(Beginning of Provided entries)

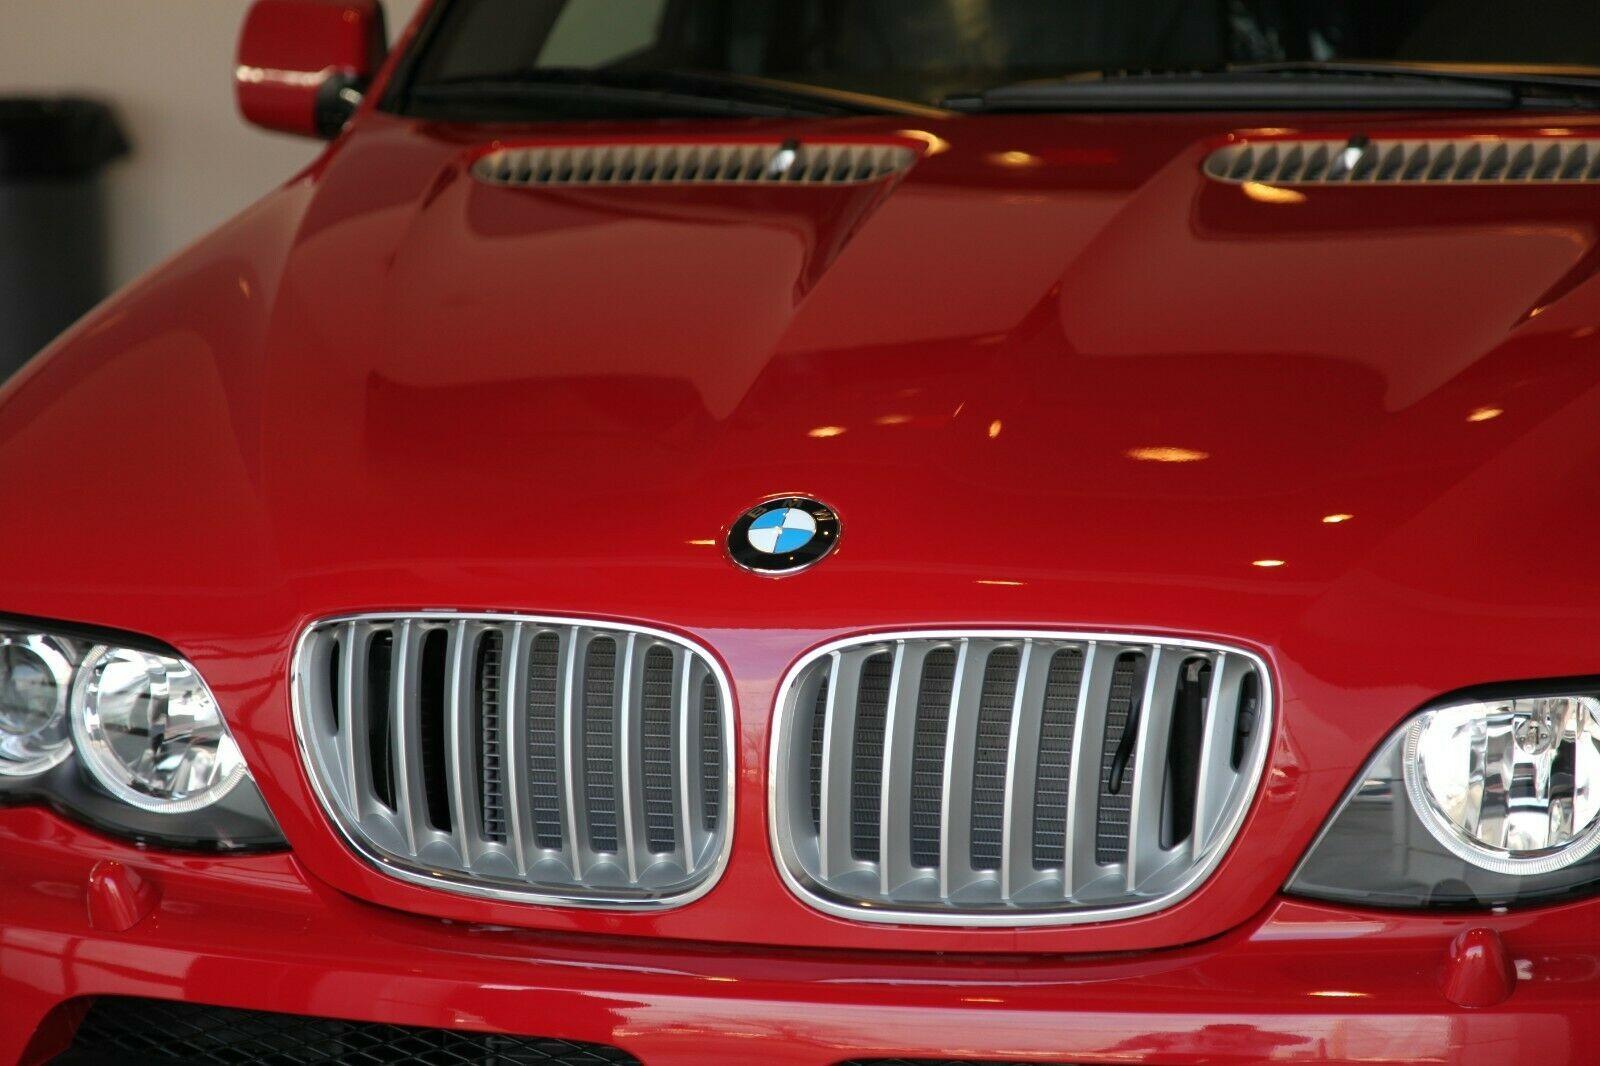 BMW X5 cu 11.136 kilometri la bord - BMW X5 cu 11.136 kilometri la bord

(End of Provided entries)
(Beginning of Provided entries)

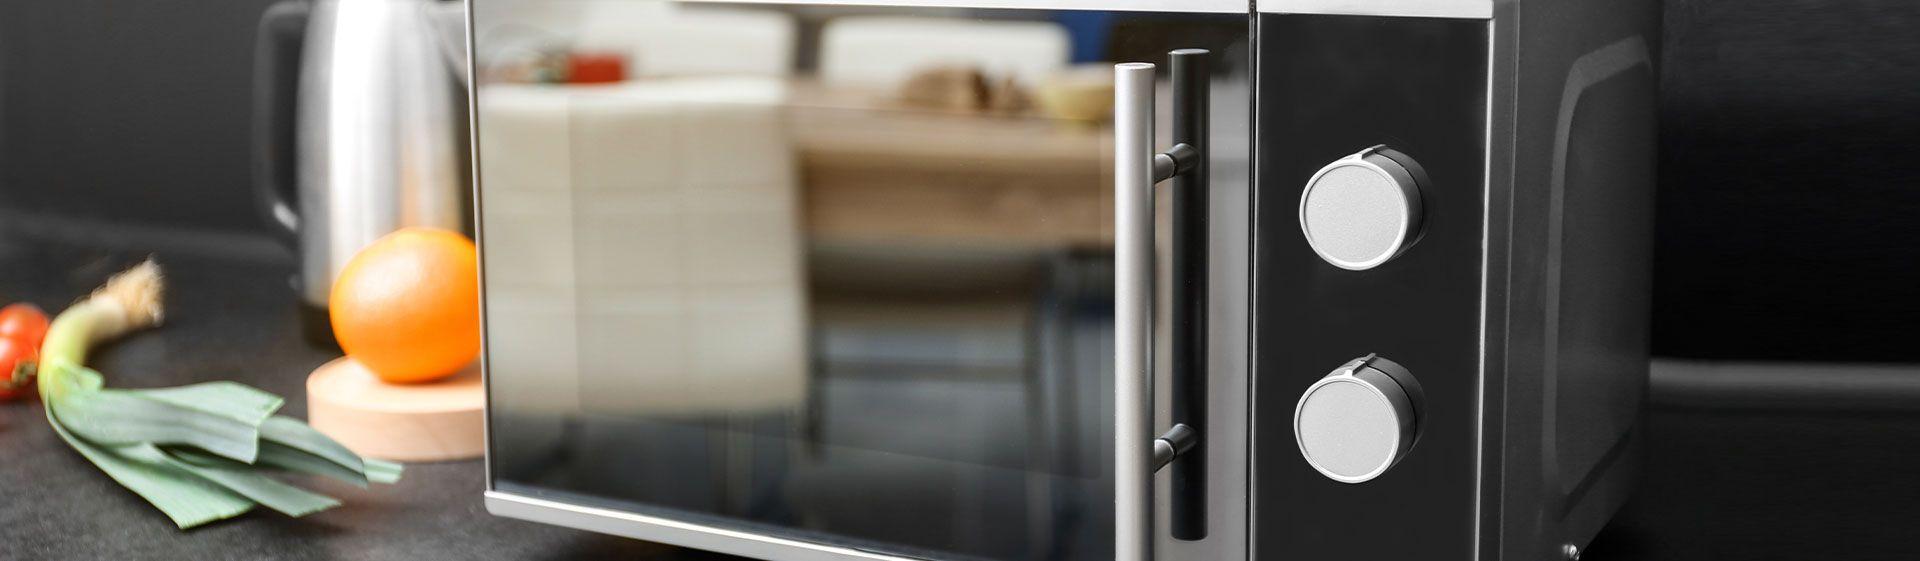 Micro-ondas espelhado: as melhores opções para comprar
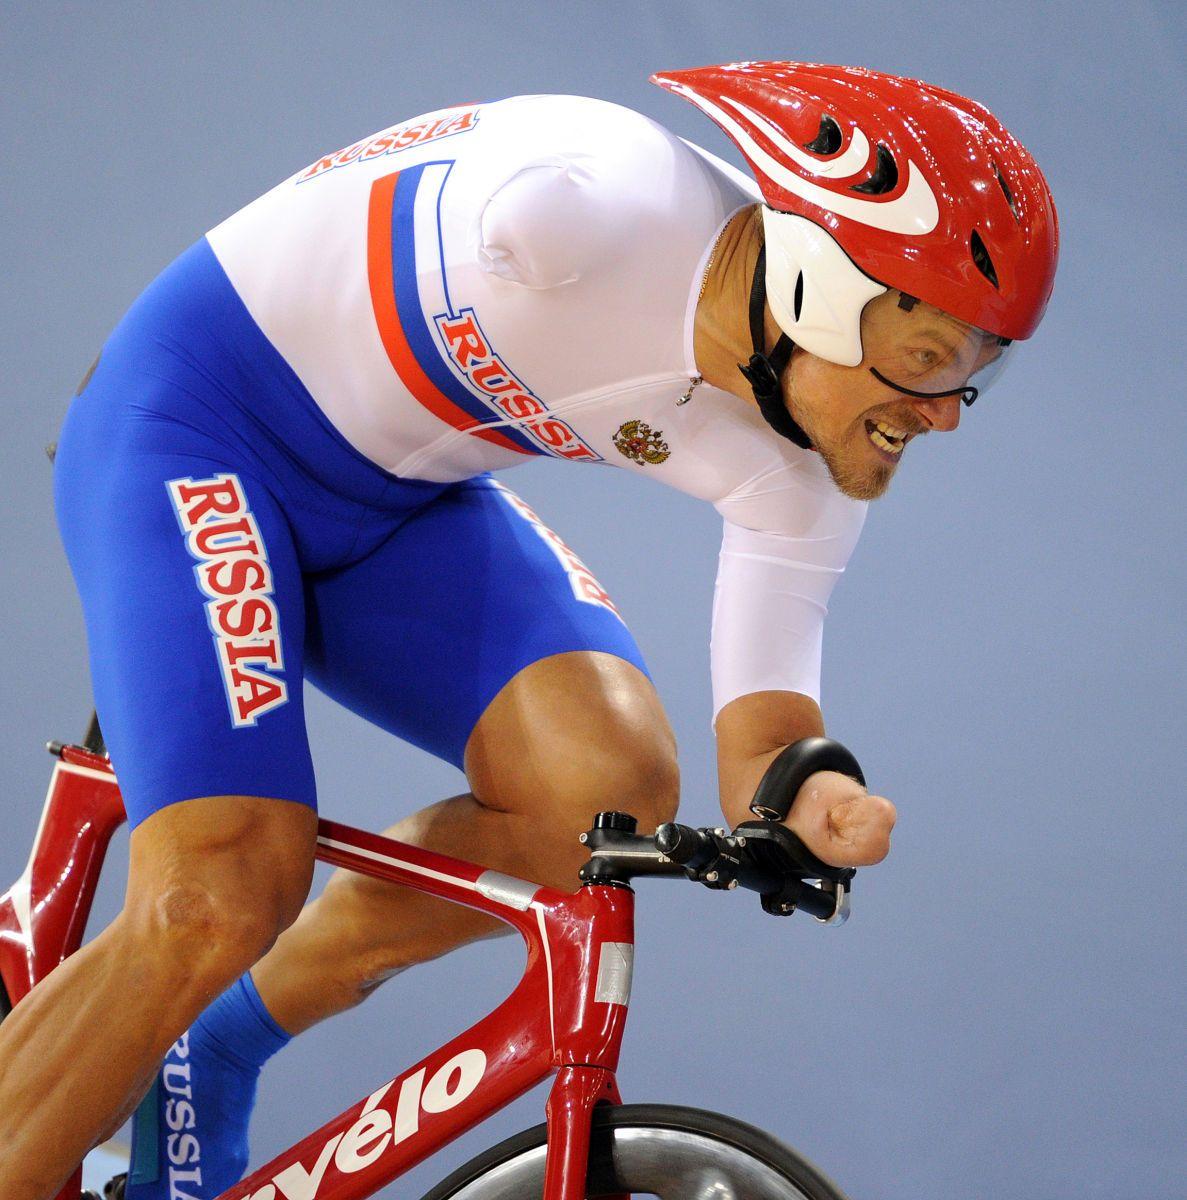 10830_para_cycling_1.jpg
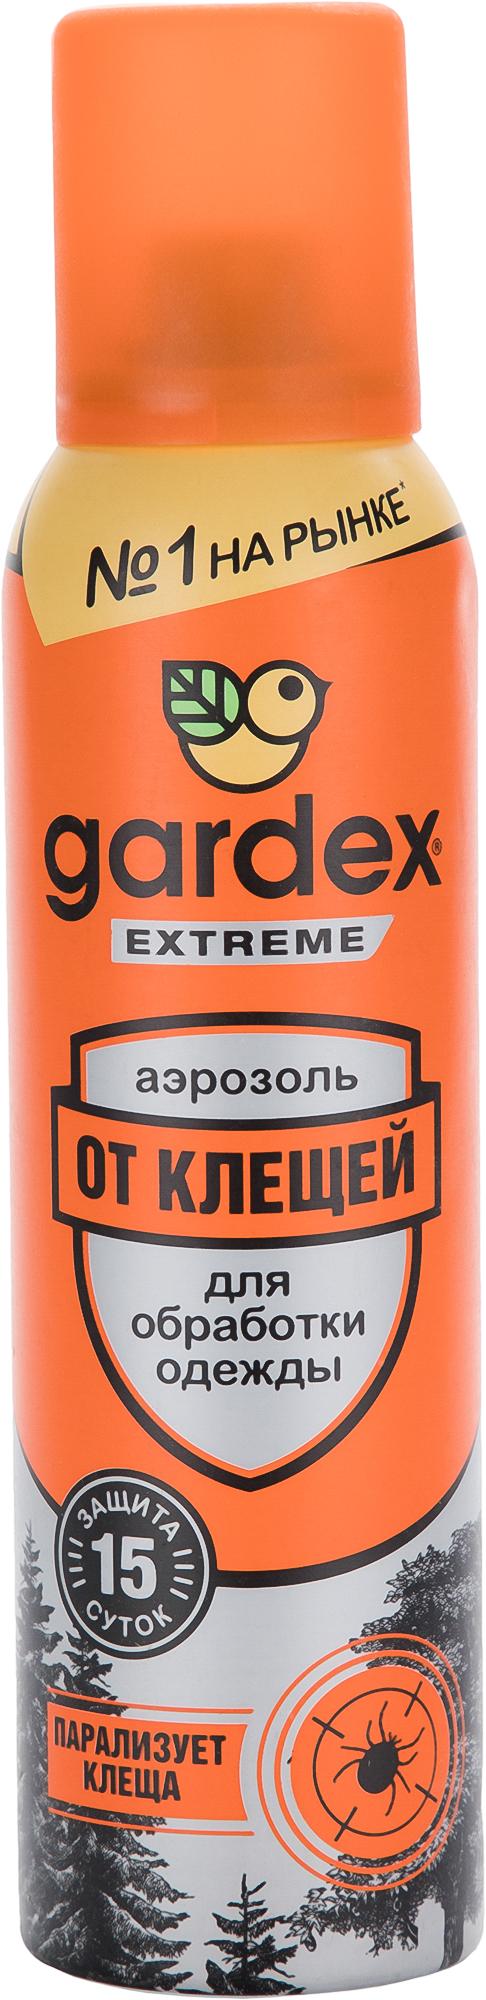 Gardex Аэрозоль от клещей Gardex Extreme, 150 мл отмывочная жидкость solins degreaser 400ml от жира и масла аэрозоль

(End of Provided entries)
(Beginning of Provided entries)

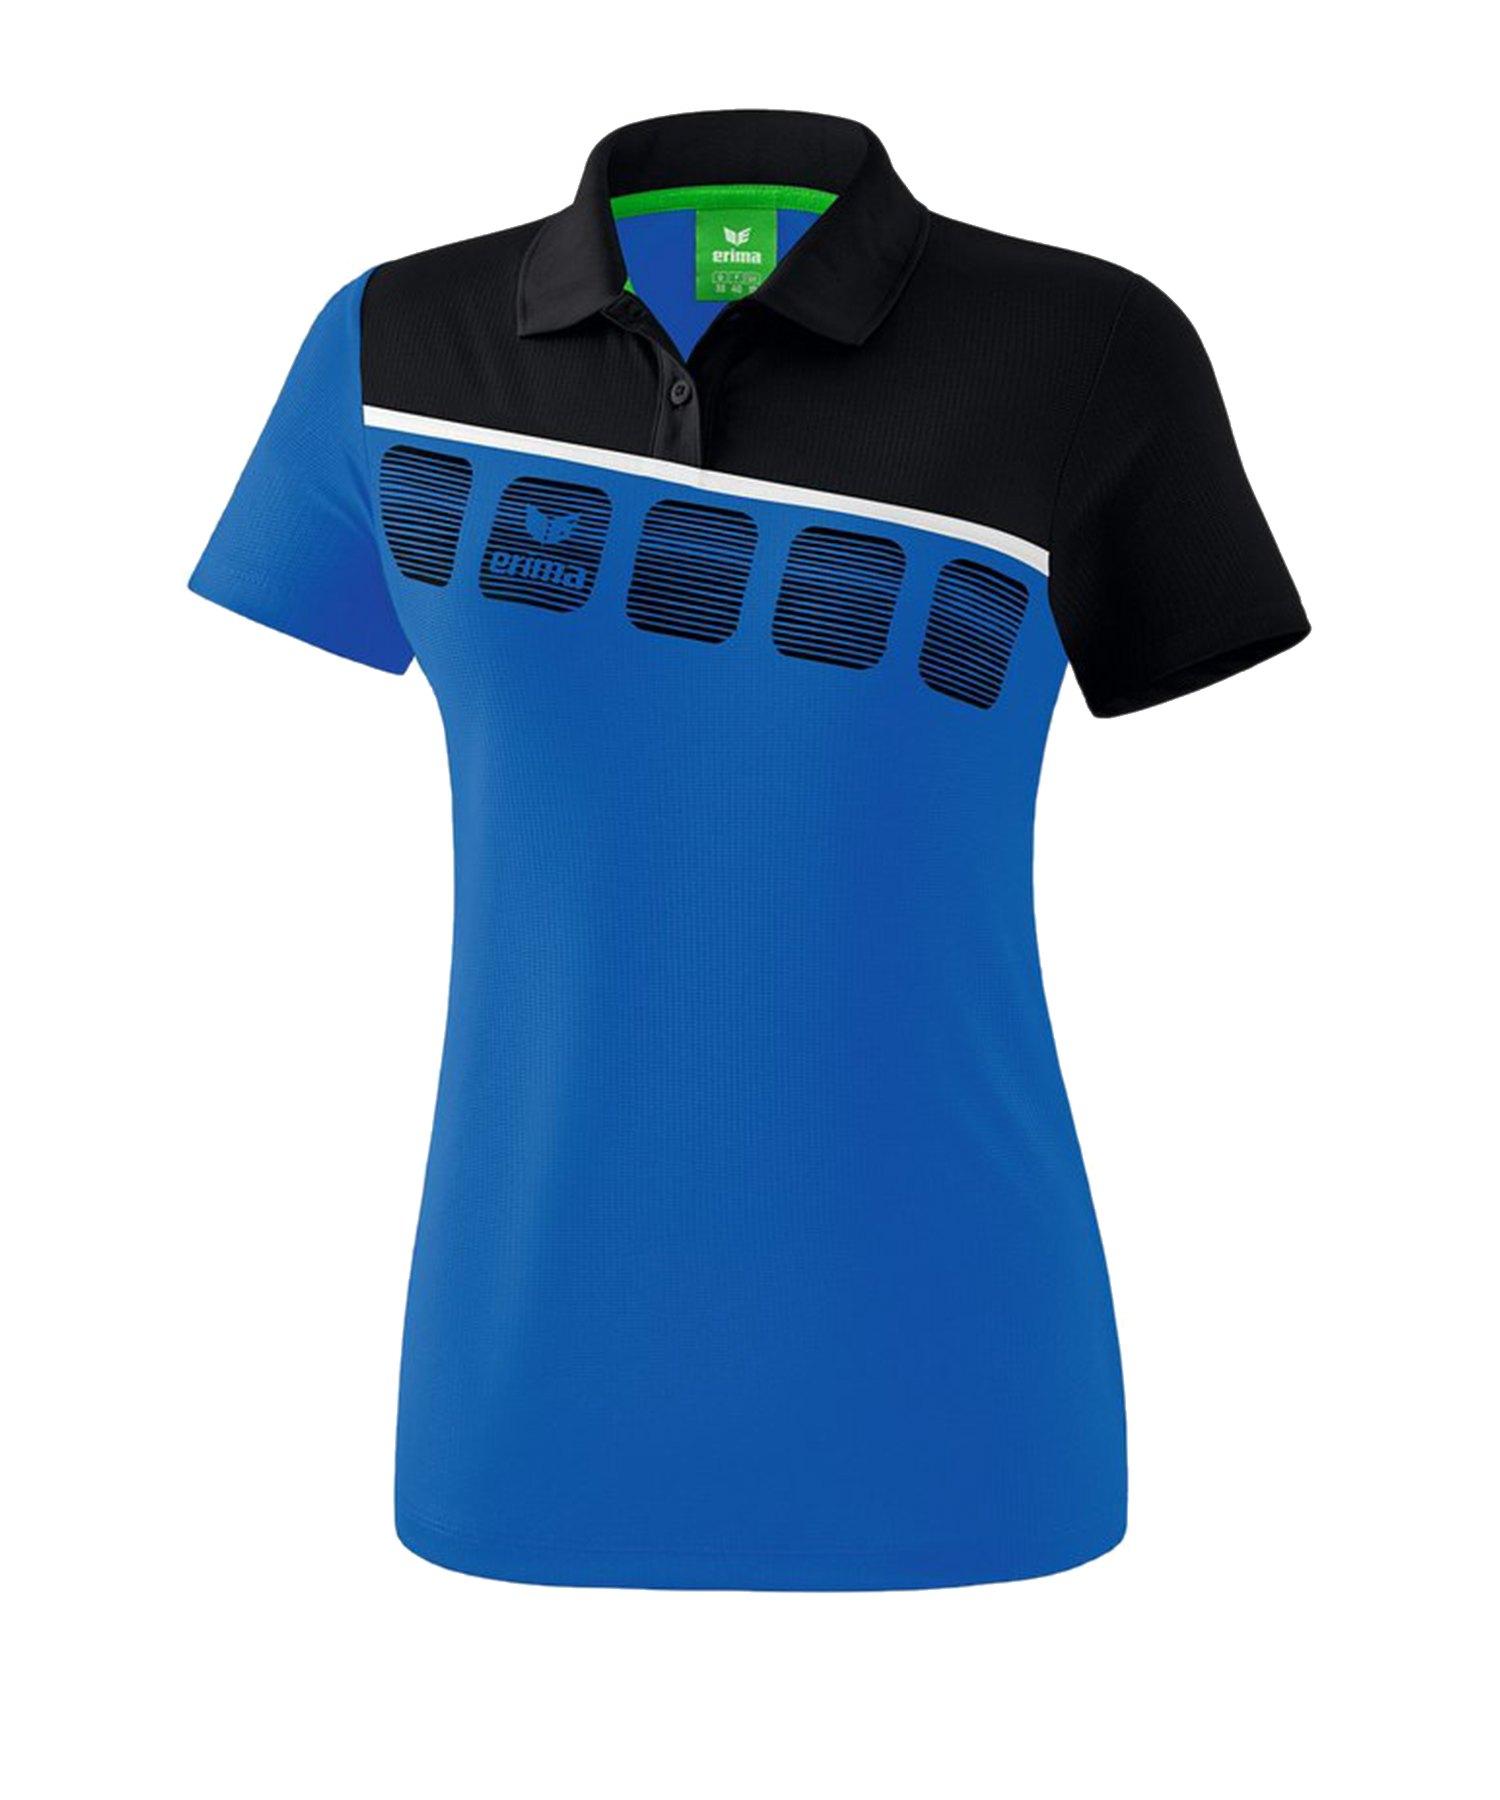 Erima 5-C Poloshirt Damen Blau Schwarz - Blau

(End of Provided entries)

Exercise directions: Though the entries above contain pictures, none should be copied; reproduce only the lines between the one holding "Micro-ondas espelhado: as" and the one holding "Gardex Аэрозоль от", inclusive, exactly as written.

Task response:
 Micro-ondas espelhado: as melhores opções para comprar
 10830_para_cycling_1.jpg
 Gardex Аэрозоль от клещей Gardex Extreme, 150 мл отмывочная жидкость solins degreaser 400ml от жира и масла аэрозоль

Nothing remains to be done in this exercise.